Material provided:
-------
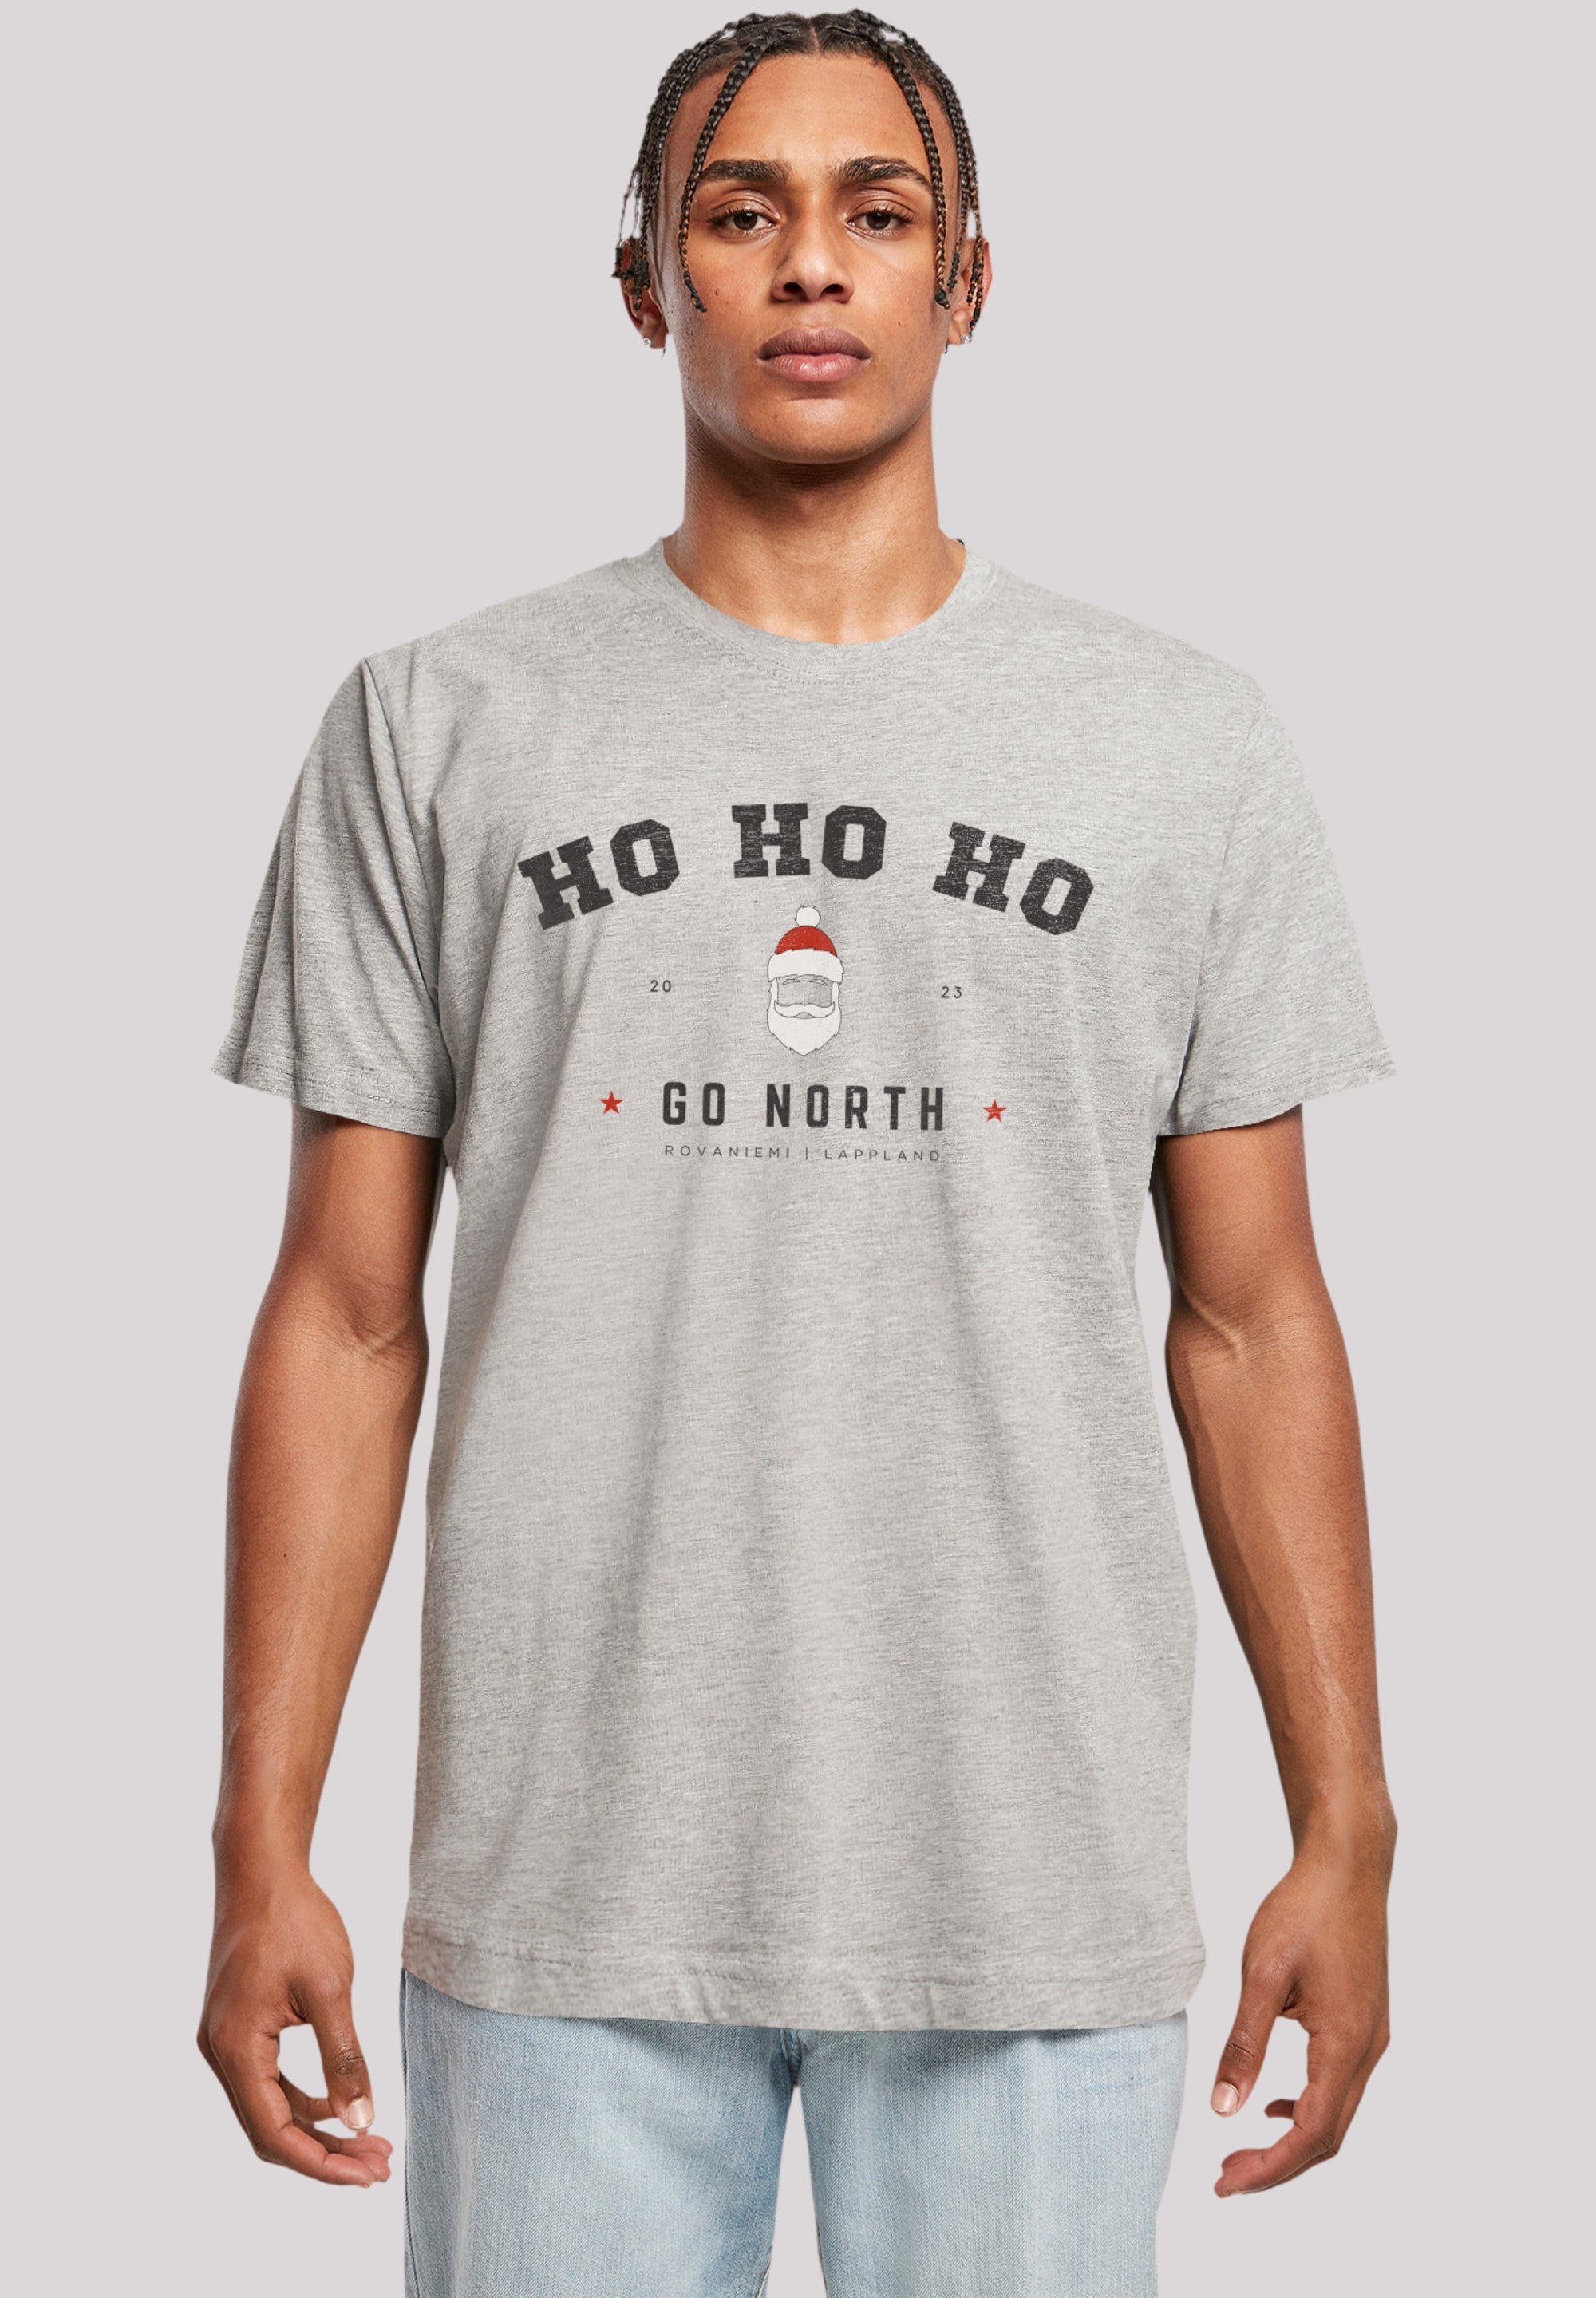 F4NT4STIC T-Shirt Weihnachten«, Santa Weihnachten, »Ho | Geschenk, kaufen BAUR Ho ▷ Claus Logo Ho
-------
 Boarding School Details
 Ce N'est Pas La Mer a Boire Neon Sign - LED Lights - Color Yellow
-------
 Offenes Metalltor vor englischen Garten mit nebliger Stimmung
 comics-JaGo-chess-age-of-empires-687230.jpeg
-------
Work to complete: Send back exactly the lines of the listing above starting at the one with "Boarding School Details" and ending at the one with "Ce N'est Pas", inclusive, and no others.

Answer area:
 Boarding School Details
 Ce N'est Pas La Mer a Boire Neon Sign - LED Lights - Color Yellow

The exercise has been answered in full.